Fröjel Church (Fröjels kyrka) is a medieval church in Fröjel on the Swedish island of Gotland. Fröjel Church may have been built to serve not only as a church, but also as a fortification. Stylistically, it is a mix of Romanesque and Gothic architecture, and contains murals from the early 14th century. It is associated with the Diocese of Visby of the Church of Sweden.

==History and architecture==
The church was probably built not only as a house of worship but also as a place of refuge in times of danger or conflict. The location on a high point not far from the sea is fortress-like, and close to the church lies the ruins of a defensive tower, dating from the Middle Ages. The church was built close to a pre-Christian maze or Troy Town indicating an ancient site.
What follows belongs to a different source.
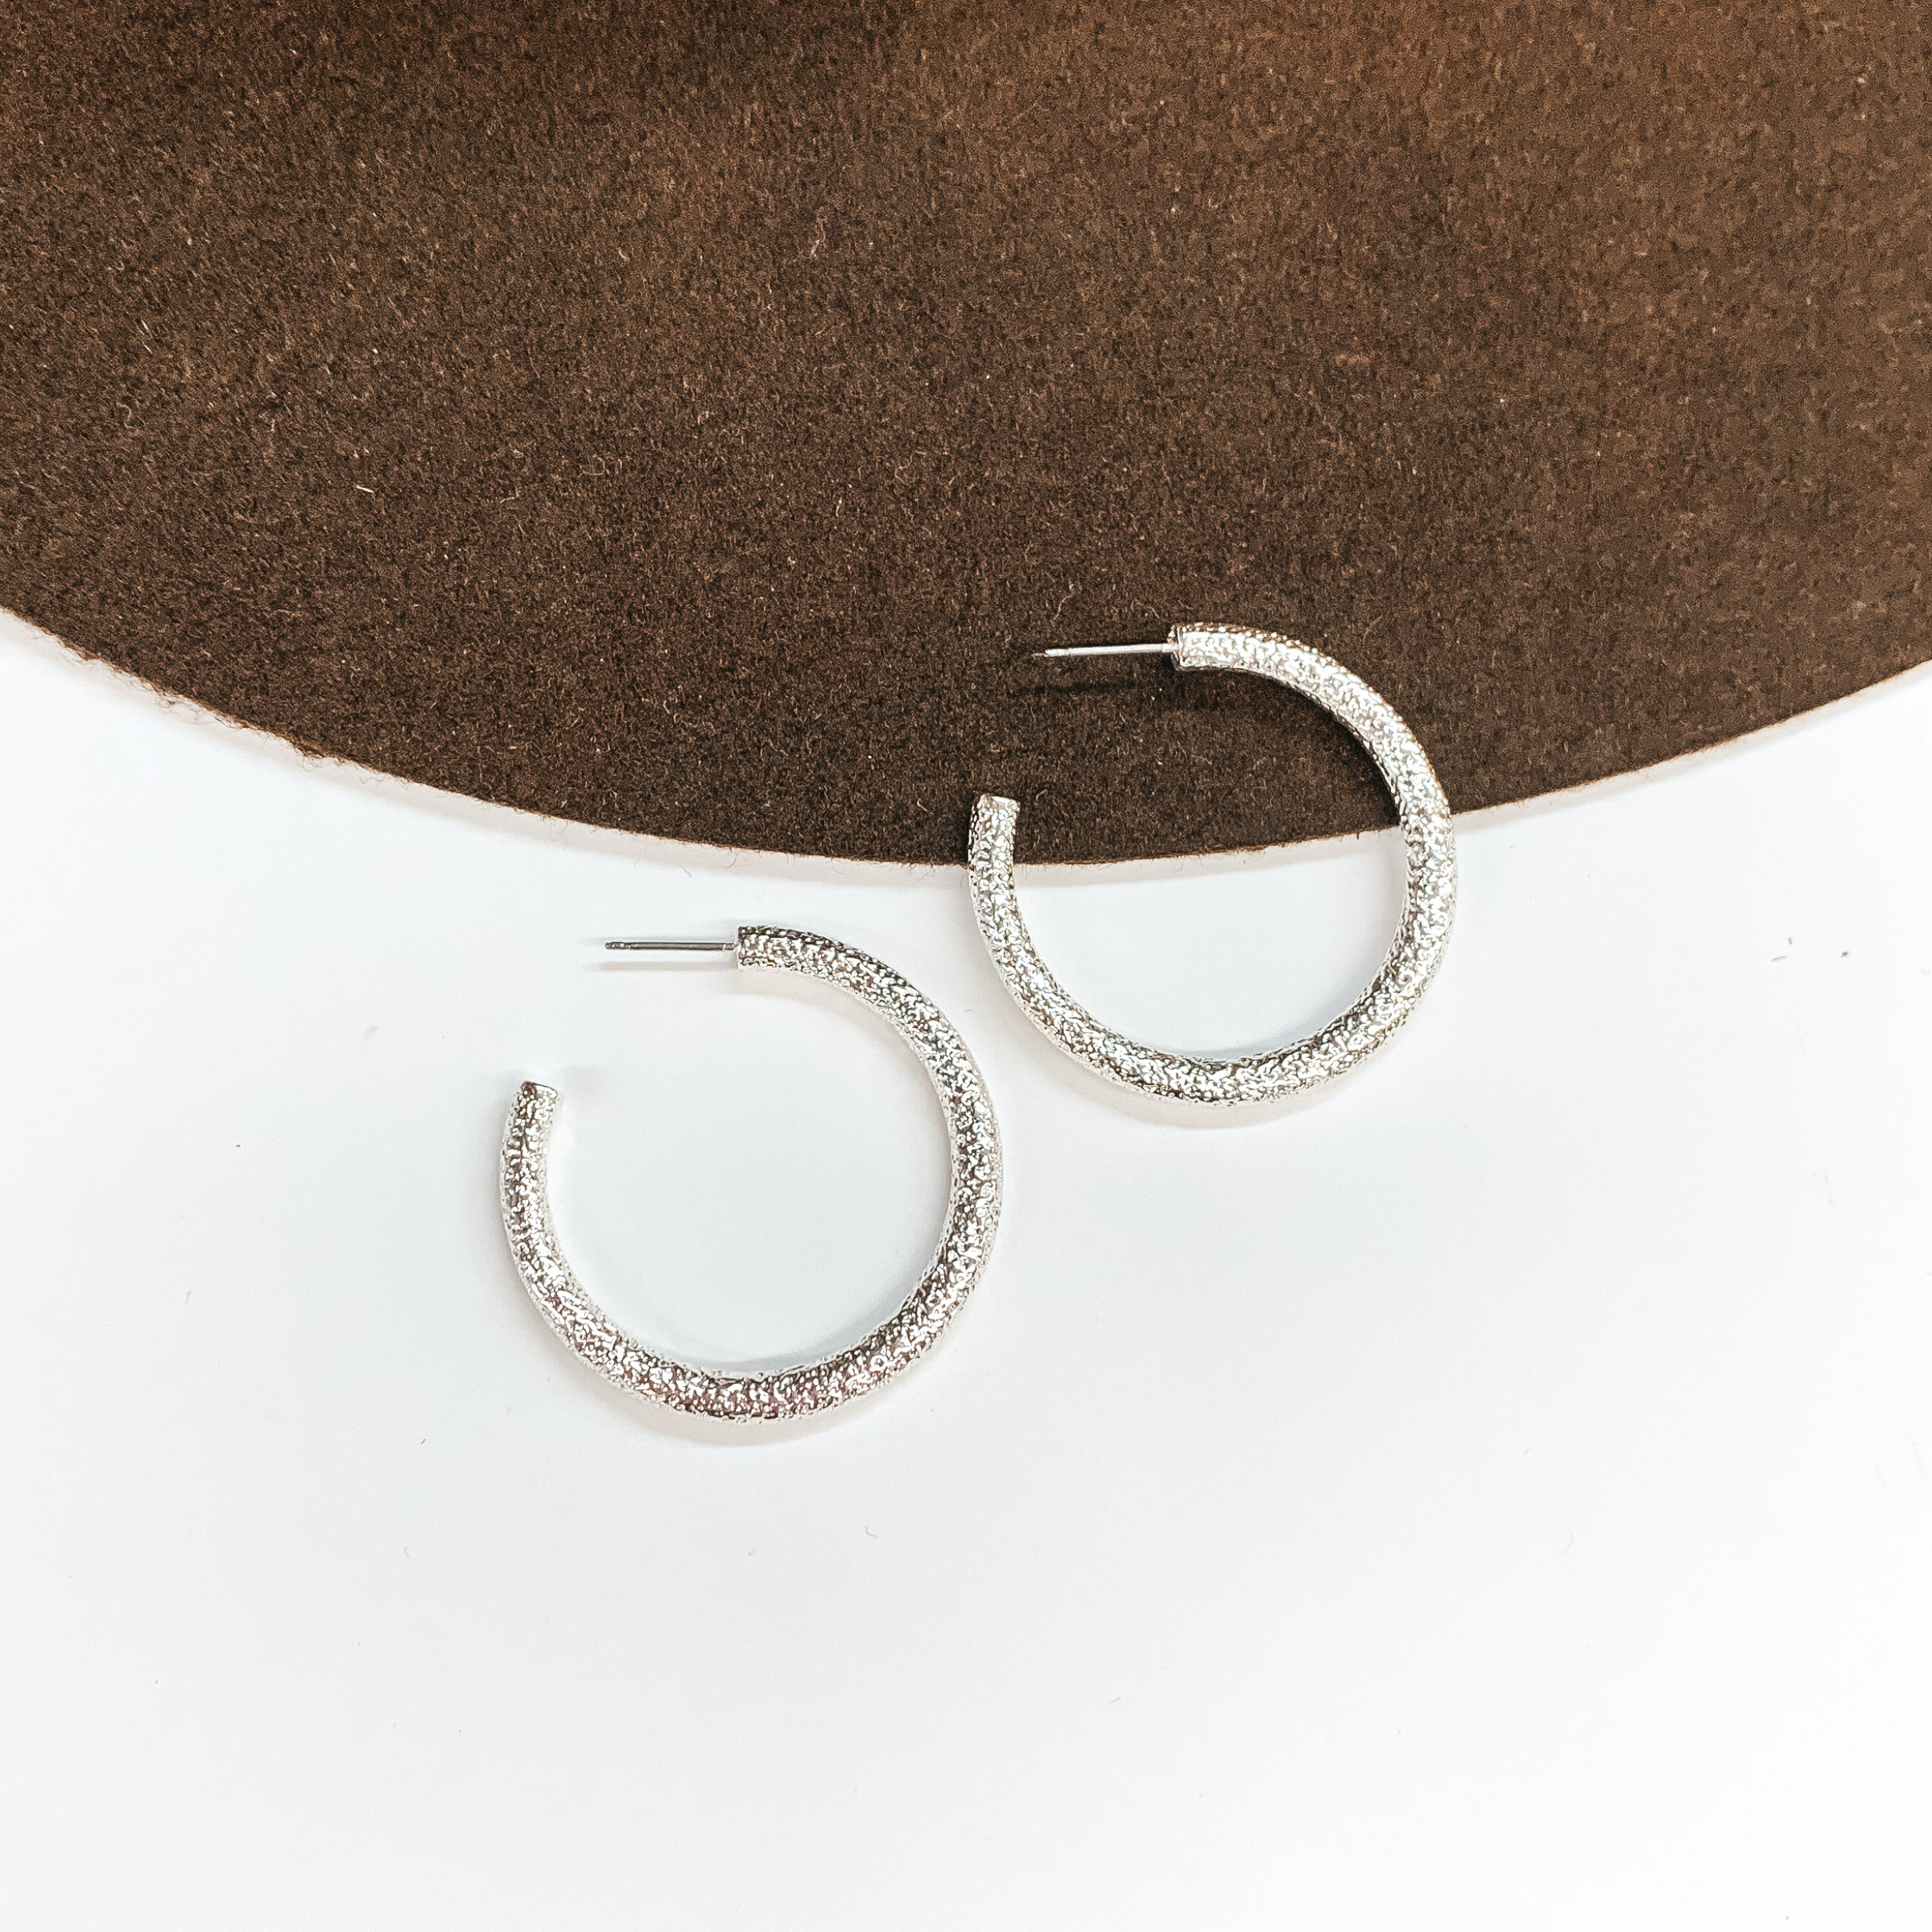 Textured Medium Sized Hoop Earrings in Silver - Giddy Up Glamour Boutique

The church was constructed of limestone. The oldest part of the church itself, the nave, dates from the late 12th century. The tower is somewhat later, while the large choir is from circa 1300, and in Gothic style rather than the Romanesque of the rest of the church. The intention was probably that the whole church should be rebuilt in Gothic style but for some reason only the choir was rebuilt.

The interior of the church displays several medieval murals, depicting dragons, deer, lions and griffins, as well as an angel and a bishop. The murals date from the early 14th century. The base of the baptismal font is made by the master sculptor Byzantios, while the upper part of the font is from the 14th century. There is also a large medieval triumphal cross in Fröjel church. Later additions to the inventory include the altarpiece and the pulpit, both from the 17th century.

It is associated with the Diocese of Visby of the Church of Sweden.